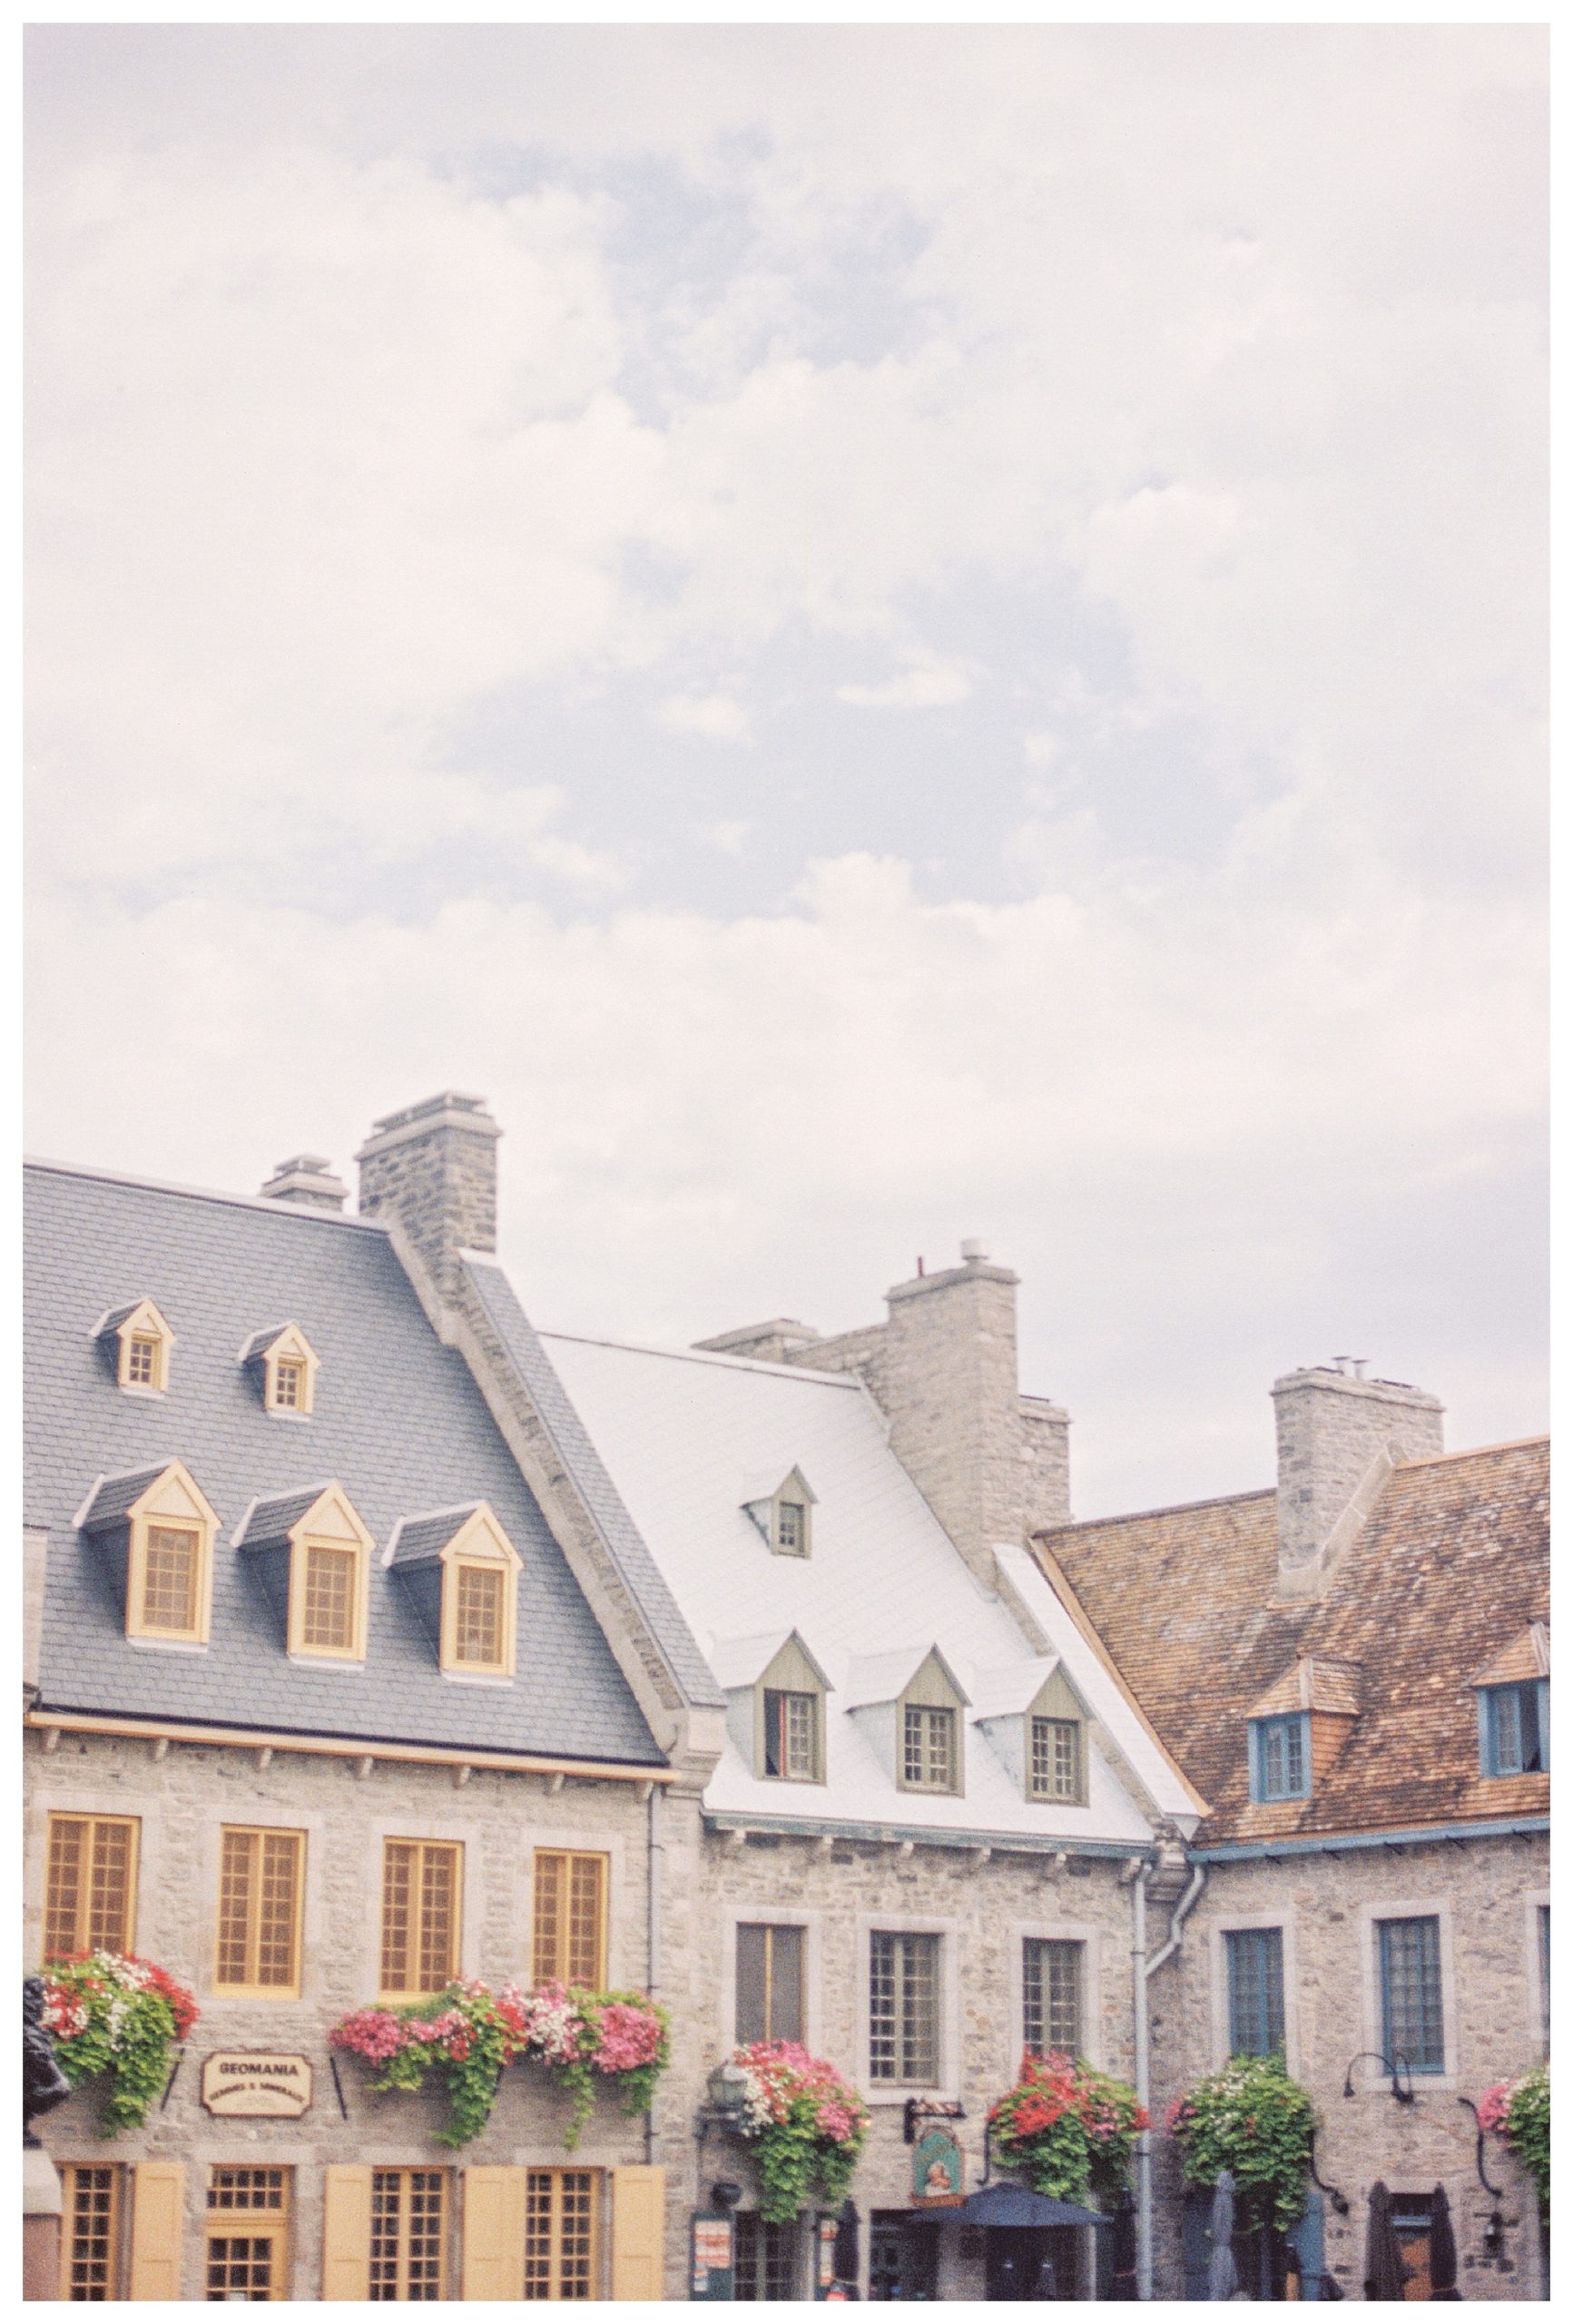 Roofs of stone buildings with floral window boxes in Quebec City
==============================
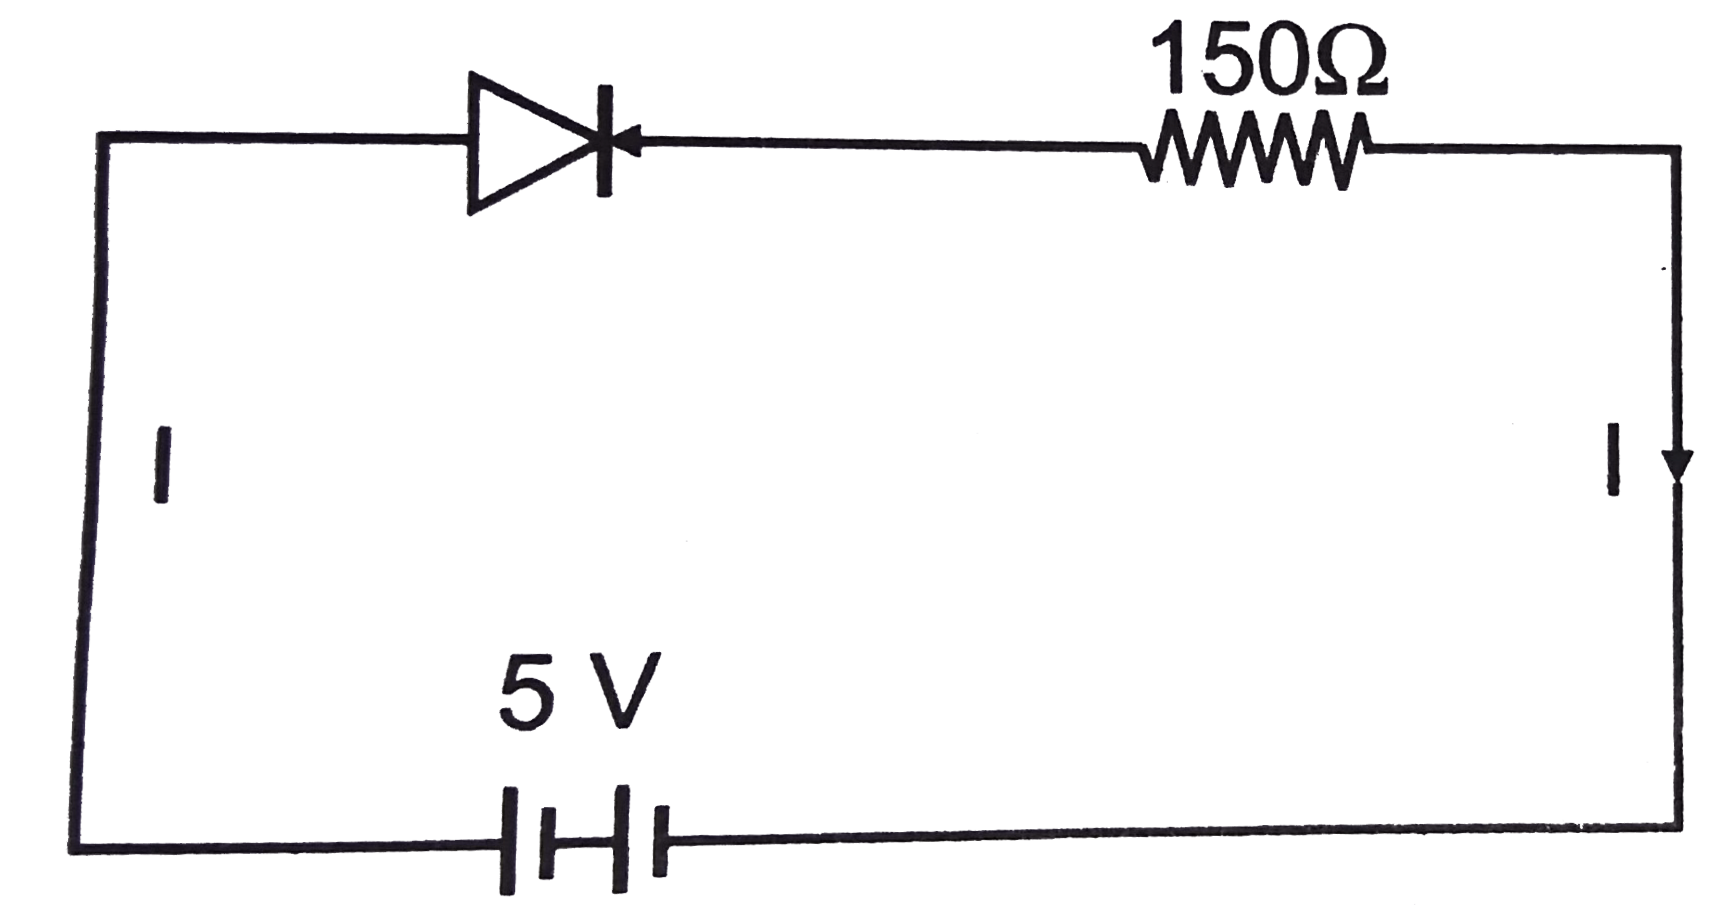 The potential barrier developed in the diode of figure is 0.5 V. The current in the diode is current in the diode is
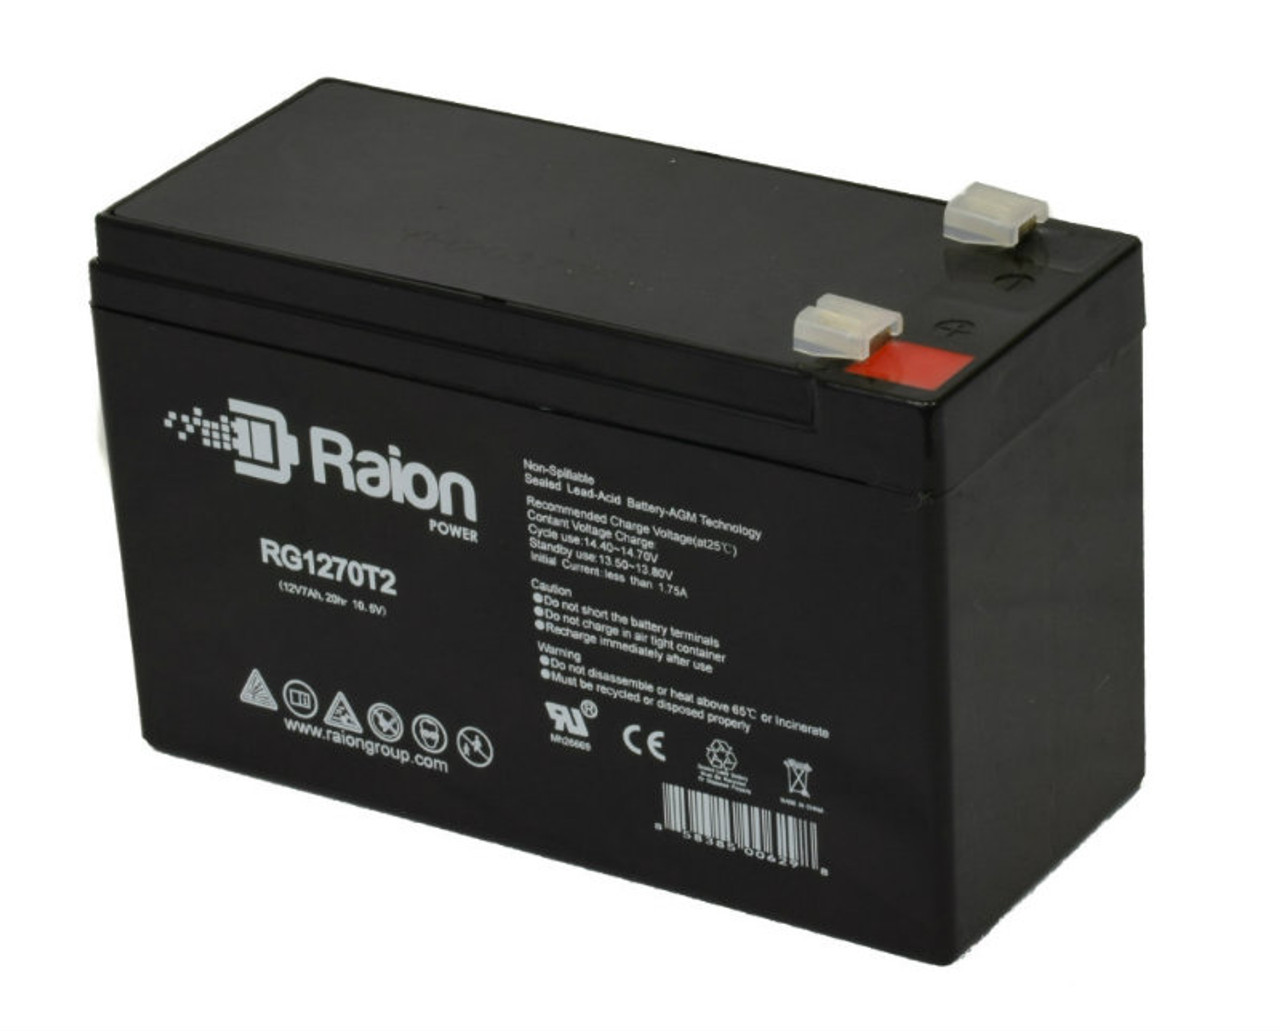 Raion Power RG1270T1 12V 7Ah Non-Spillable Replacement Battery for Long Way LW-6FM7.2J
==============================
- [Work task] Look above for the line with "The potential barrier" and the line with "Raion Power RG1270T1"; set down those two lines and all lines between them exactly, without pictures and without anything else.

- [Result of this exercise]
 The potential barrier developed in the diode of figure is 0.5 V. The current in the diode is current in the diode is
 Raion Power RG1270T1 12V 7Ah Non-Spillable Replacement Battery for Long Way LW-6FM7.2J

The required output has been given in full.